[WHAT YOU NEED TO DO]
Return, exactly and with nothing added, the line with "The Harrods Chocolate Afternoon Tea" together with all lines after it through the end of the data below. No pictures belong in the copy.
Start of GIVEN DATA
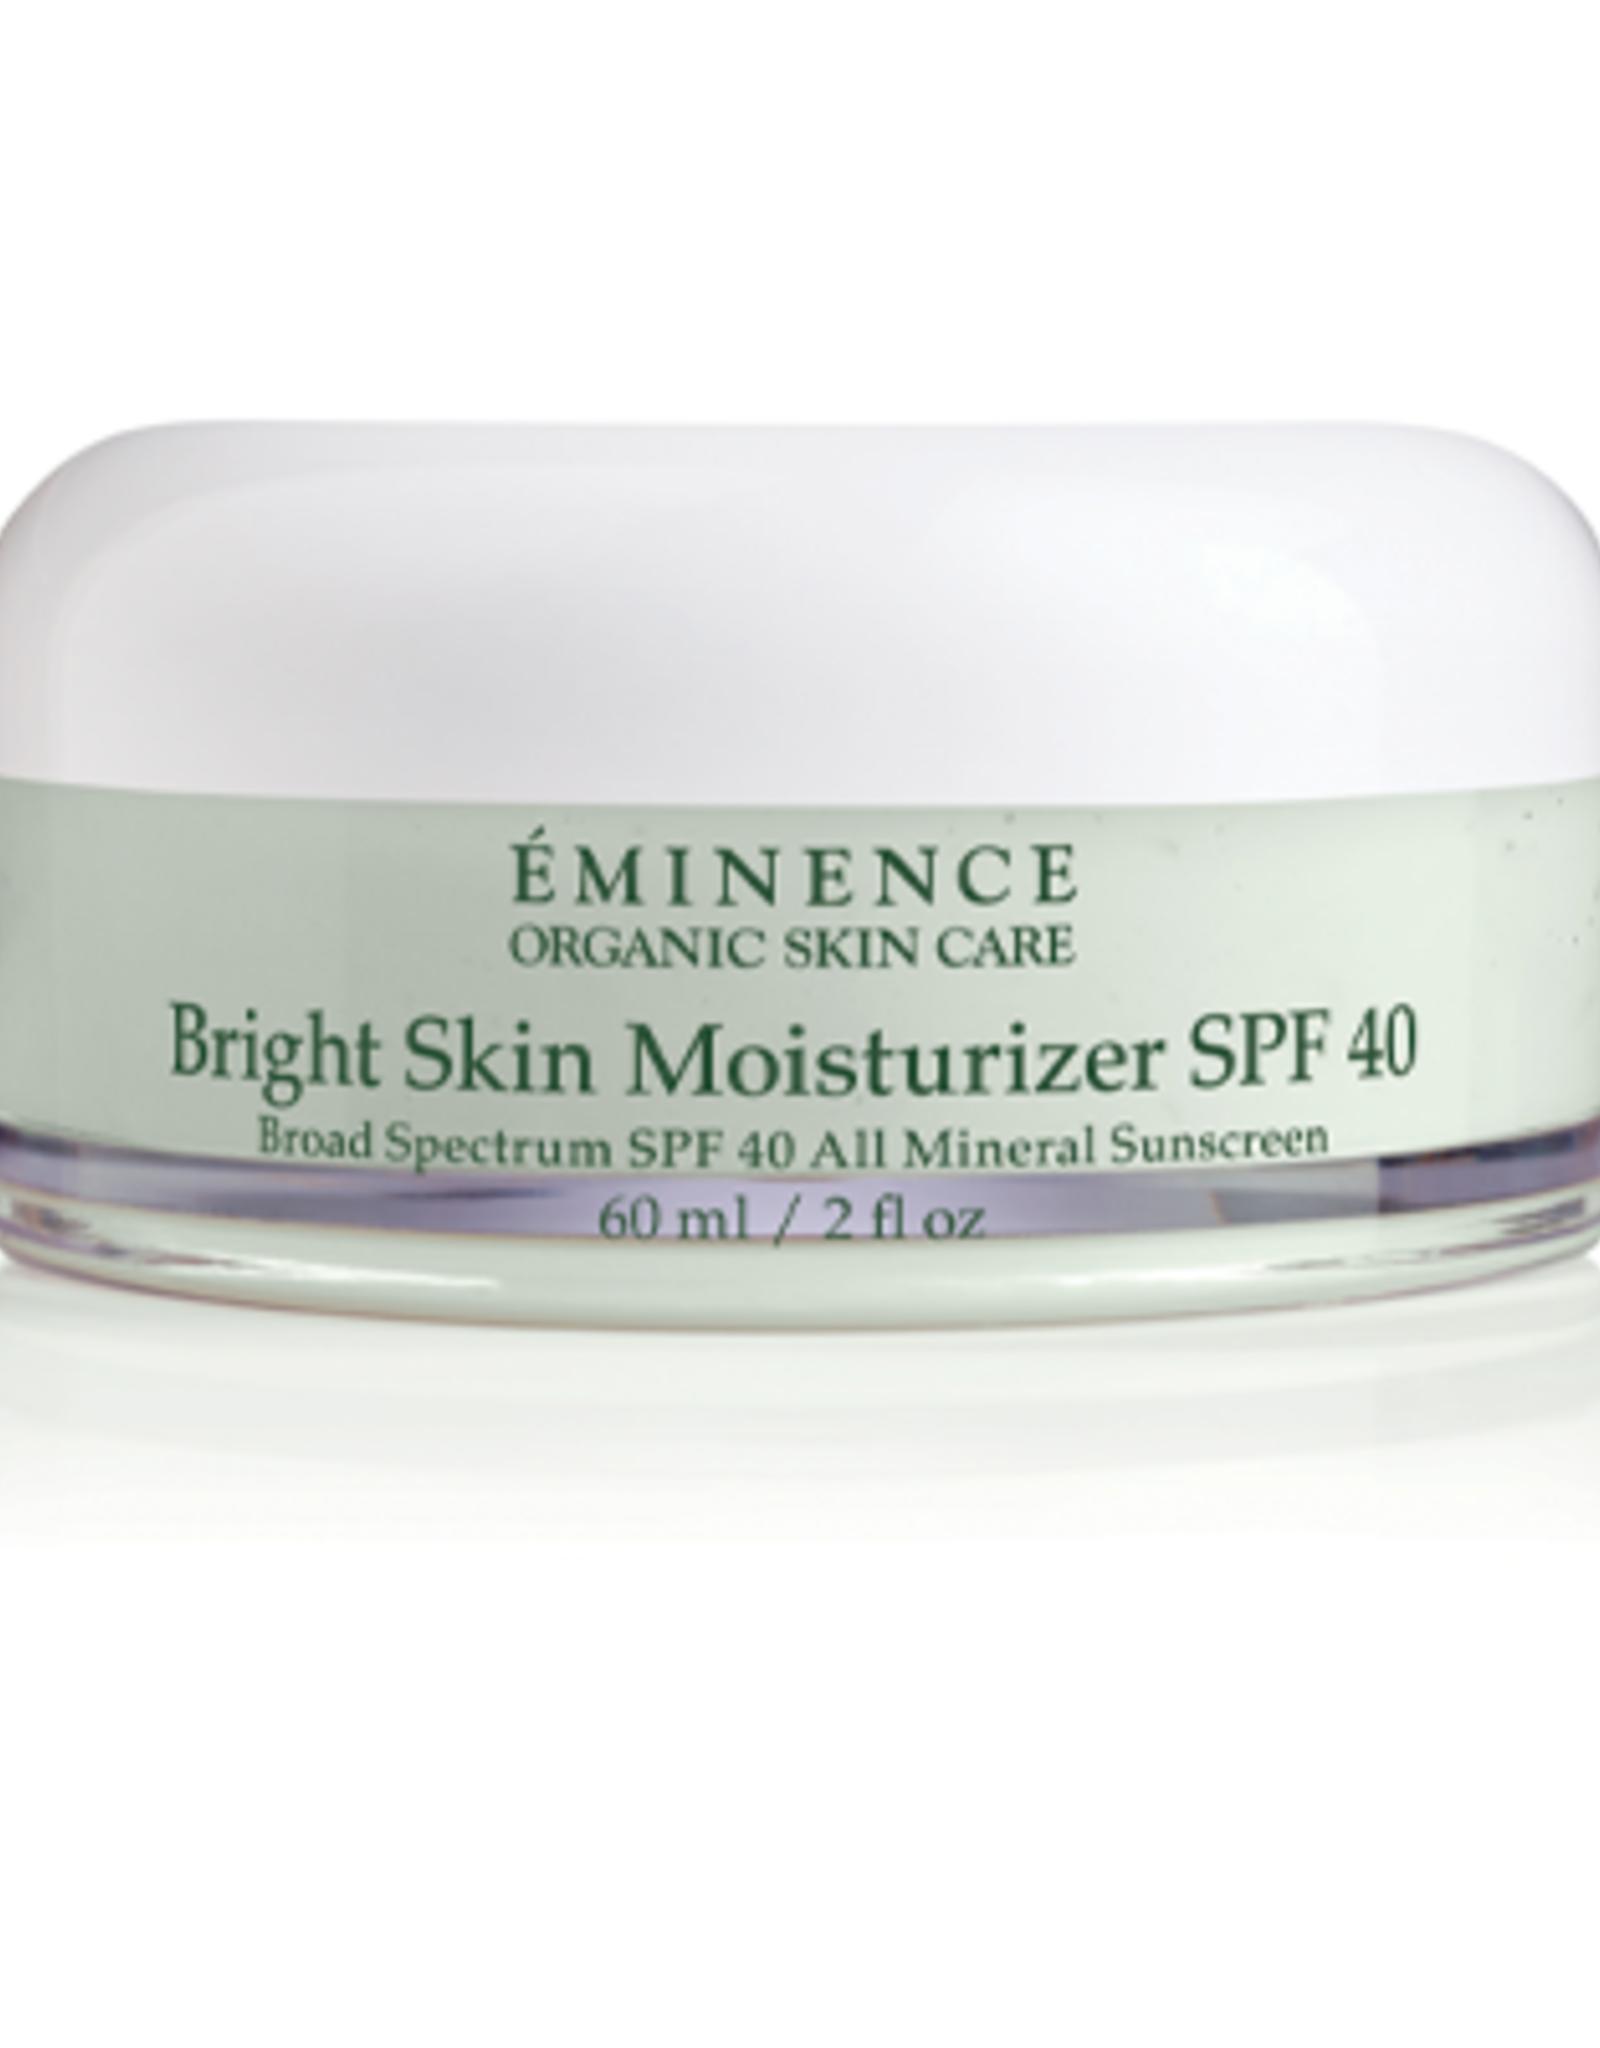 Eminence Organic Skin Care Bright Skin Moisturizer SPF 40
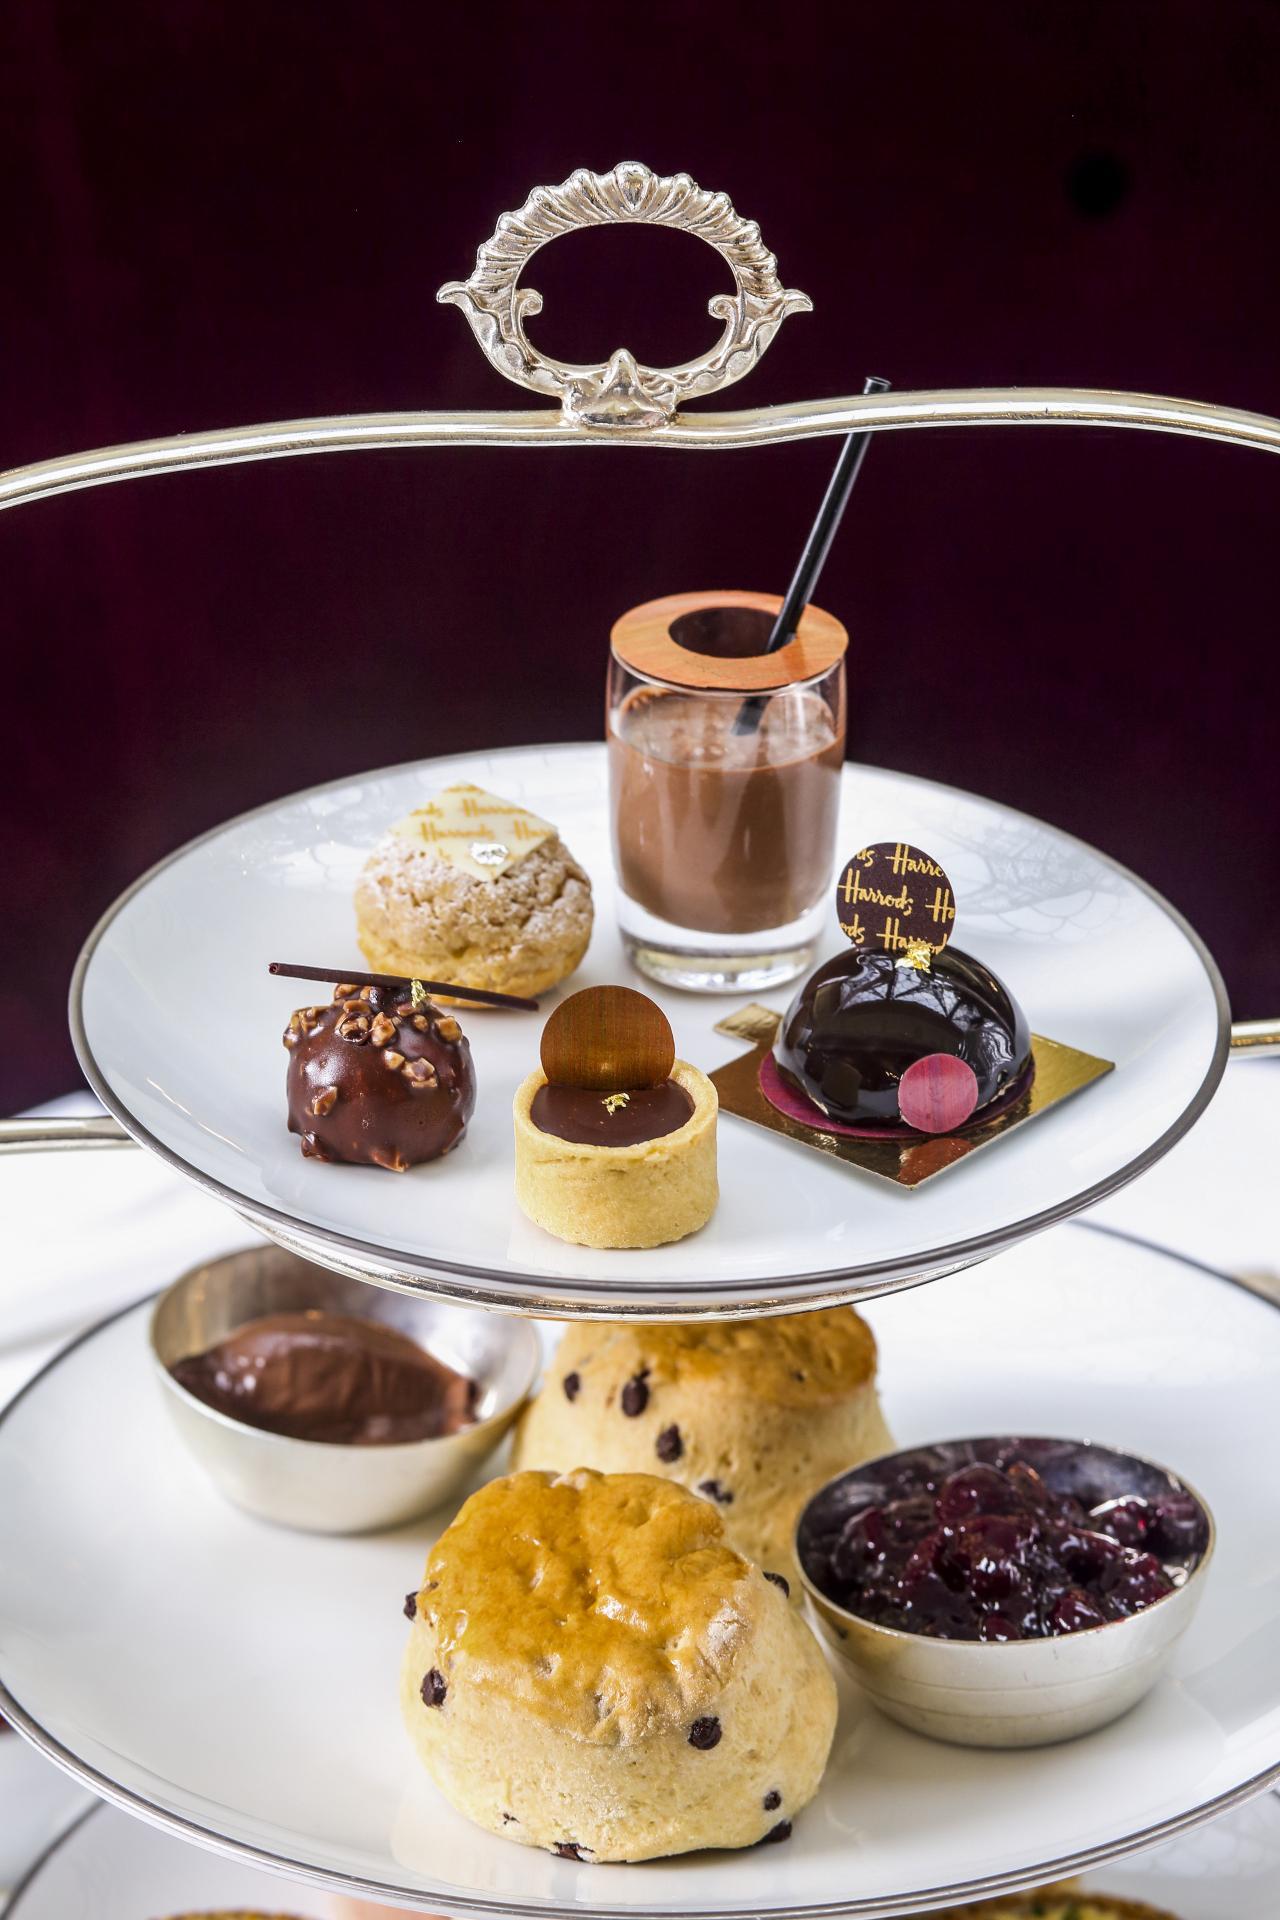 The Harrods Chocolate Afternoon Tea
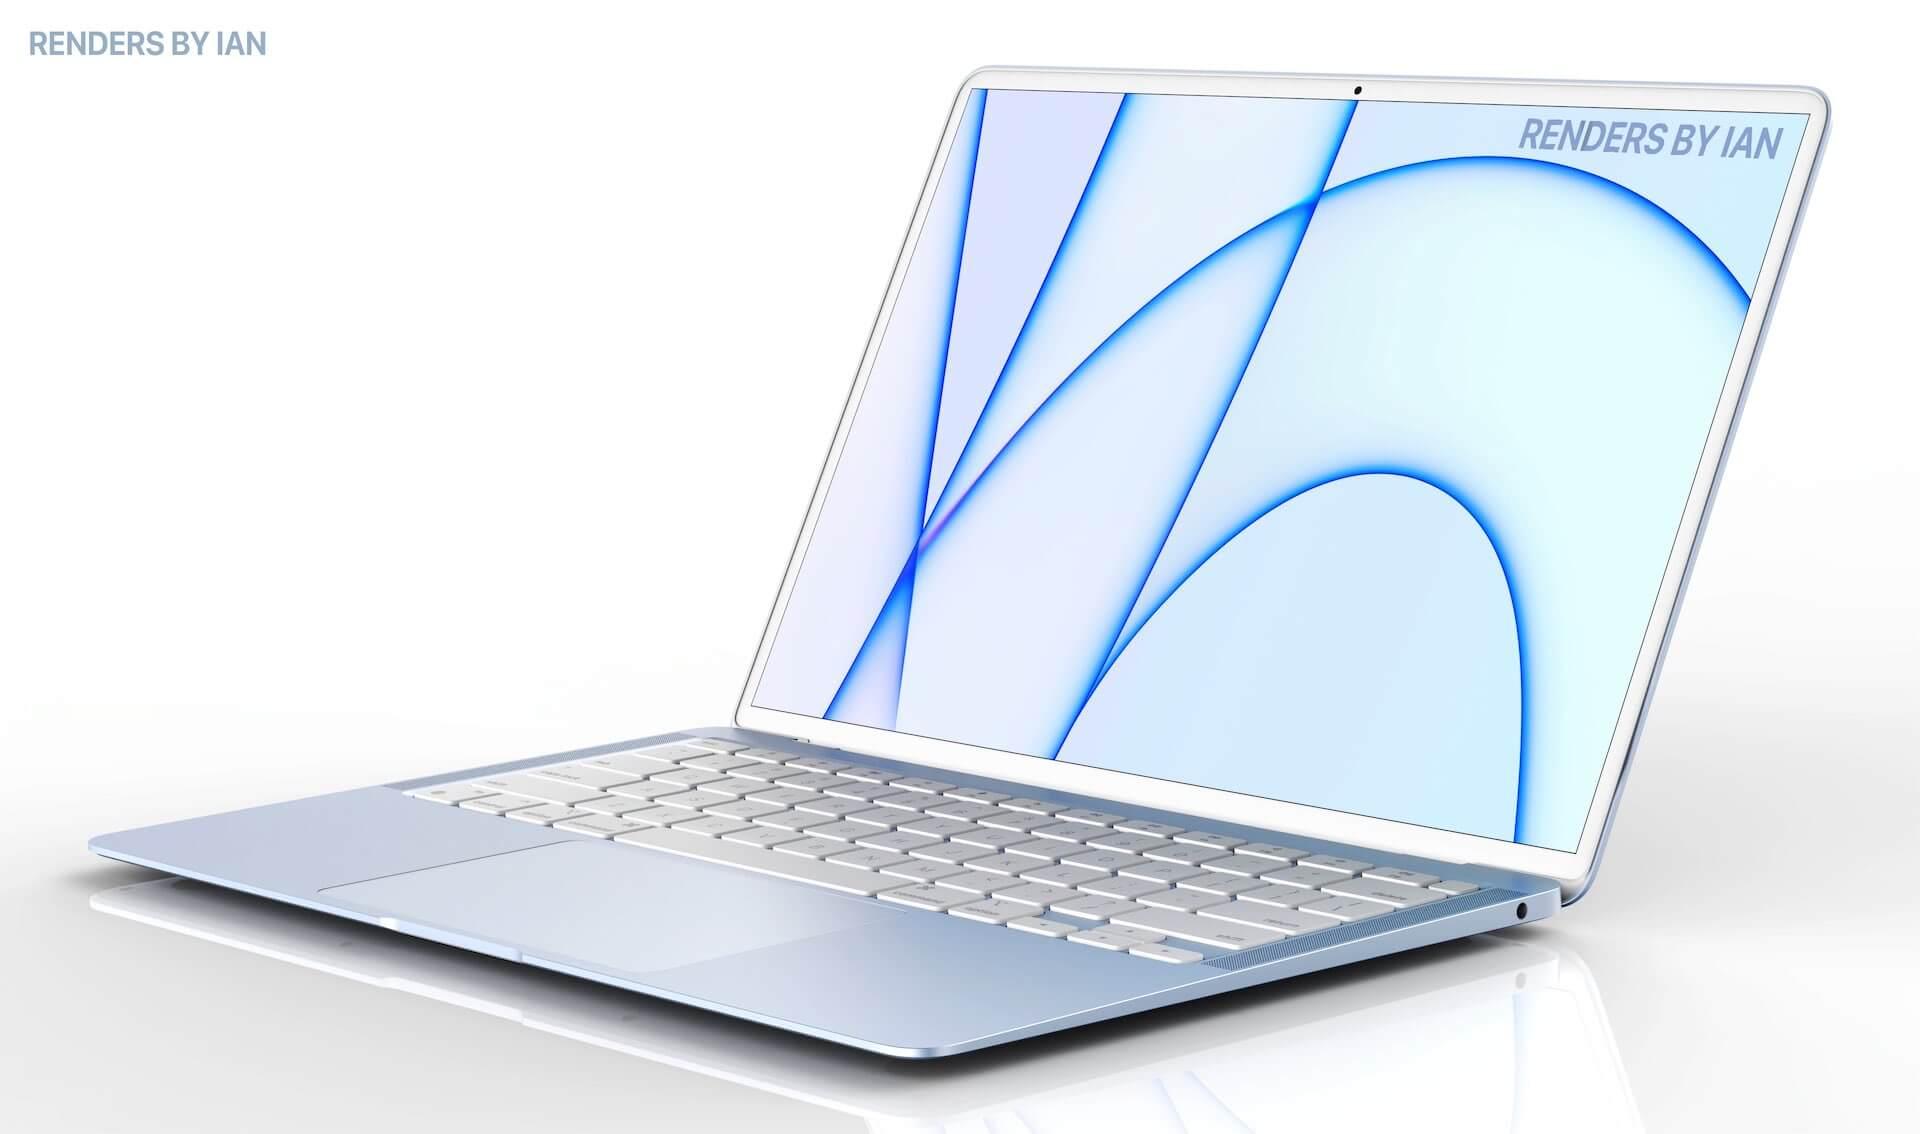 M2チップ搭載の新型MacBookが今年中に登場!?iMac同様複数のカラーバリエーションも? tech210510_macbookair_1
End of GIVEN DATA
[EXERCISE SOLUTION]
 The Harrods Chocolate Afternoon Tea
 M2チップ搭載の新型MacBookが今年中に登場!?iMac同様複数のカラーバリエーションも? tech210510_macbookair_1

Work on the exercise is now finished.